Task to carry out >> From the material below, retype exactly the lines that begin at the line with "Обои флизелиновые A.S." and end after the line with "Découvrez la nouvelle"; pictures stay out of the copy.

Data provided >>
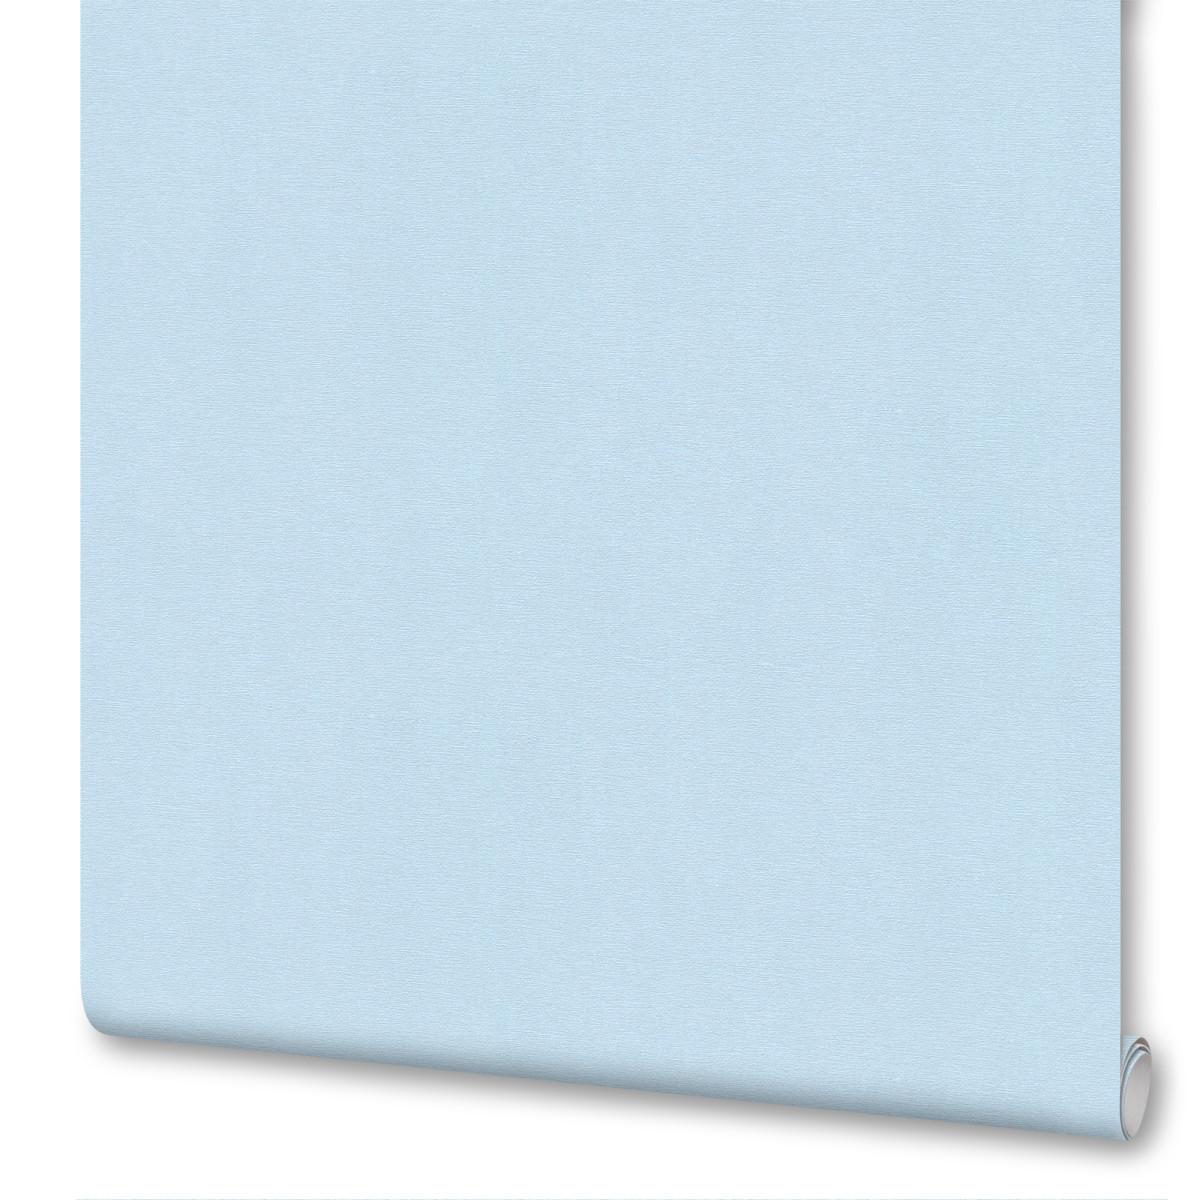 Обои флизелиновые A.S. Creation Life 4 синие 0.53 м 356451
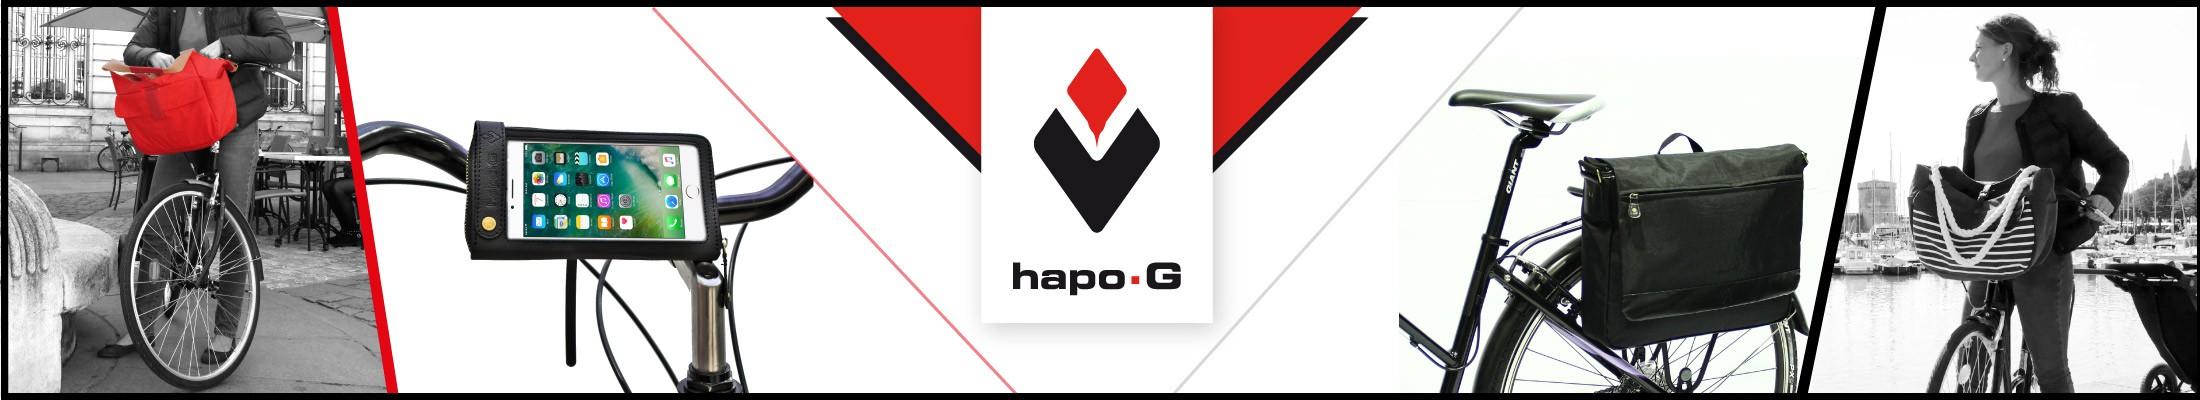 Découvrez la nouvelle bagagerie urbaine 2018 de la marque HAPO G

* * *

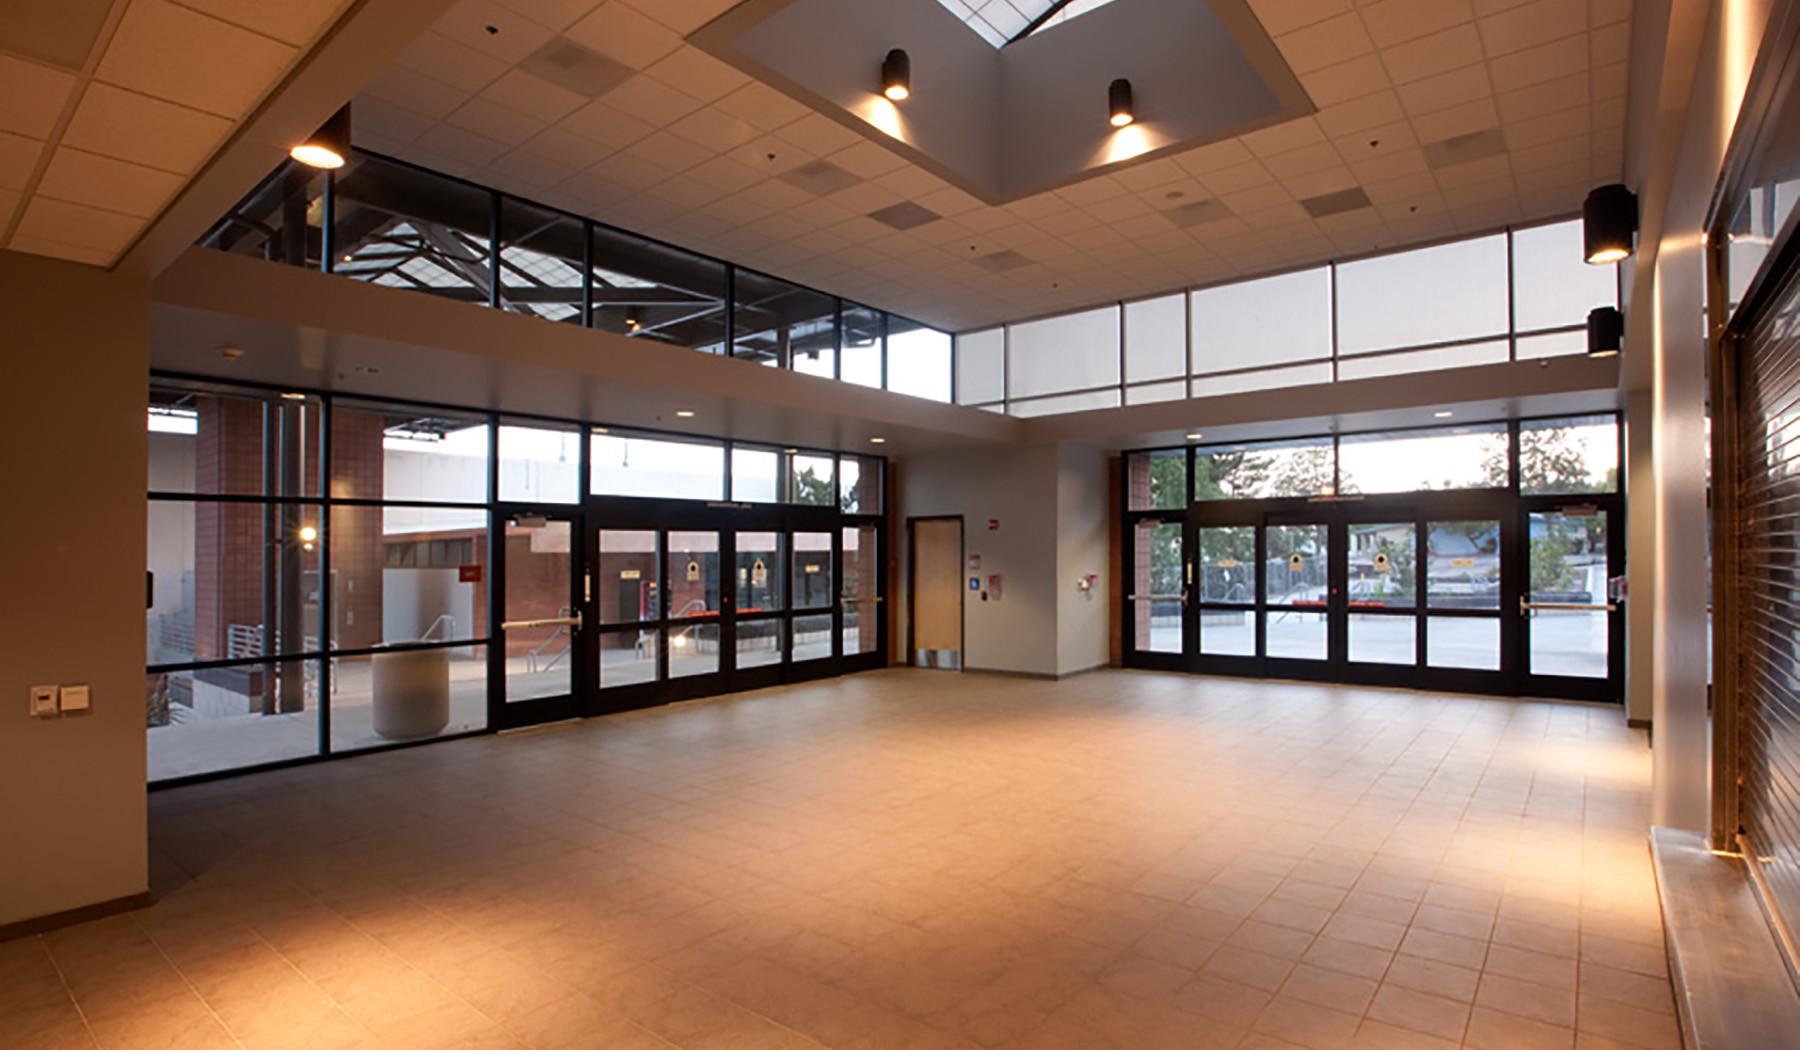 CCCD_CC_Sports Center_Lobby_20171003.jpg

---

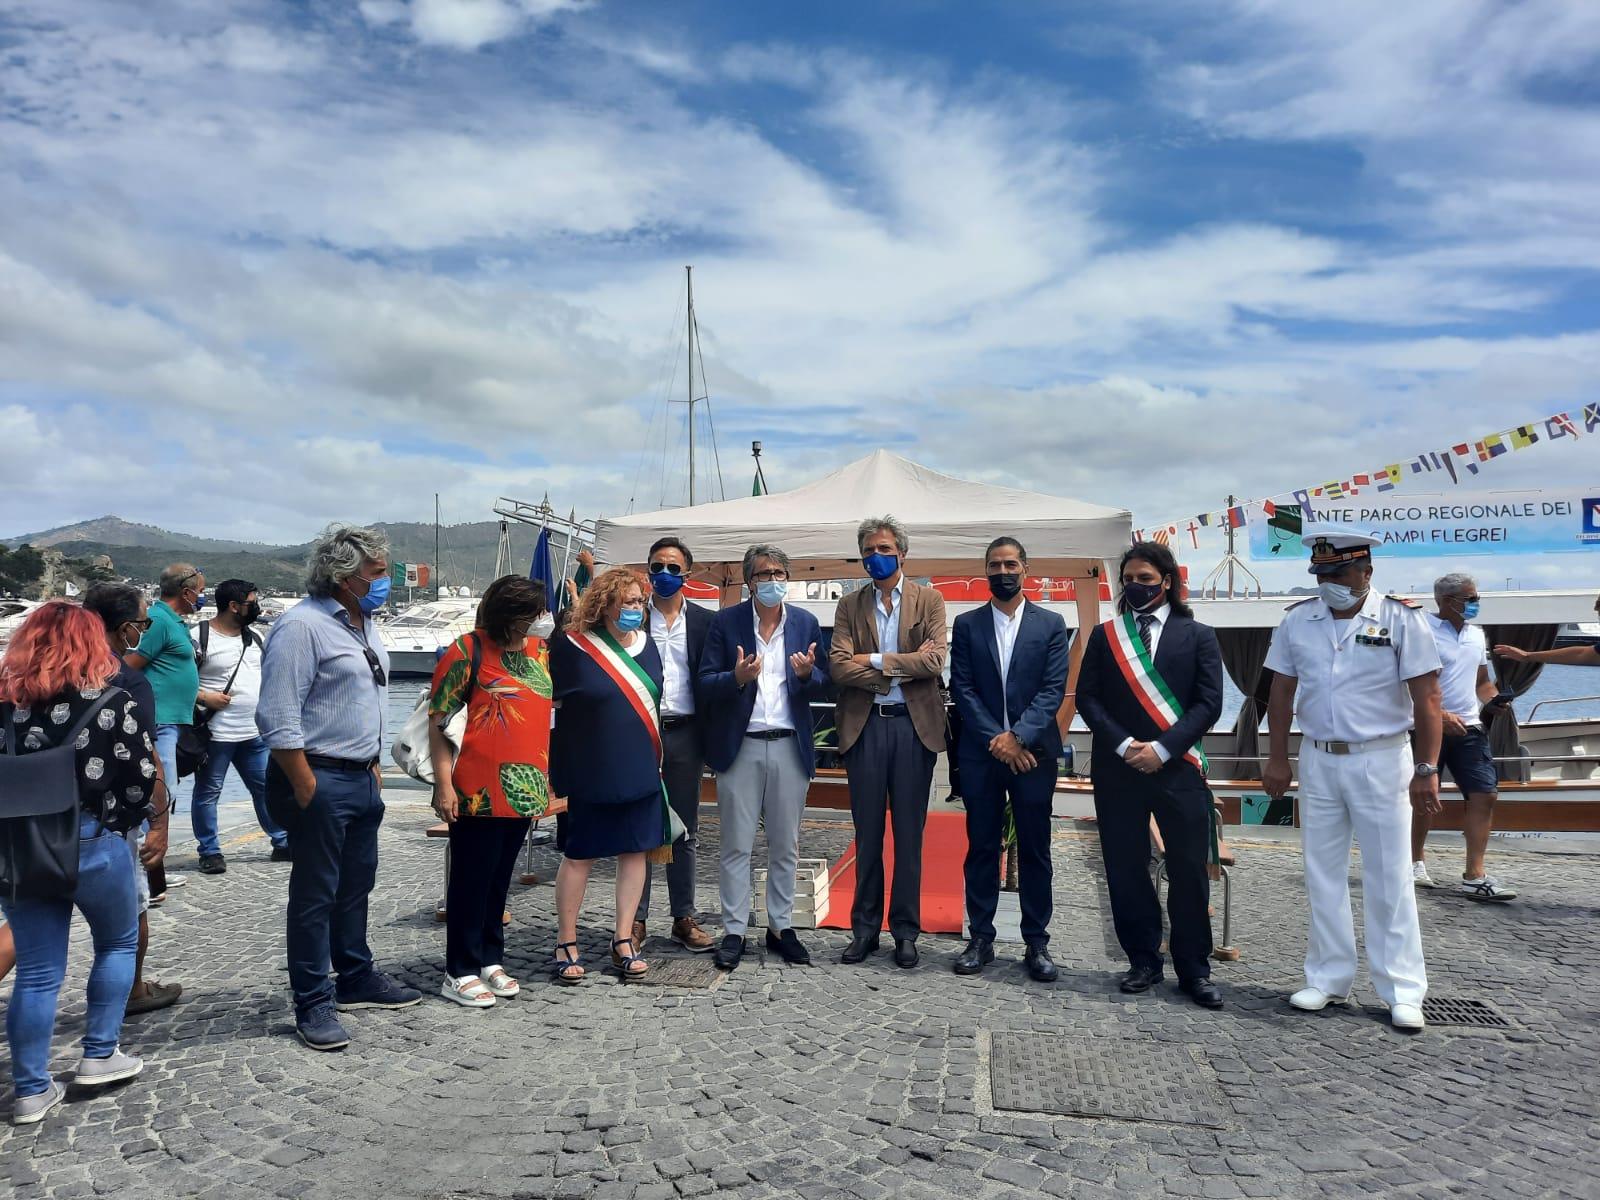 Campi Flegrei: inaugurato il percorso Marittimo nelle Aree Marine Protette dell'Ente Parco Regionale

Reply to the task >>
 Обои флизелиновые A.S. Creation Life 4 синие 0.53 м 356451
 Découvrez la nouvelle bagagerie urbaine 2018 de la marque HAPO G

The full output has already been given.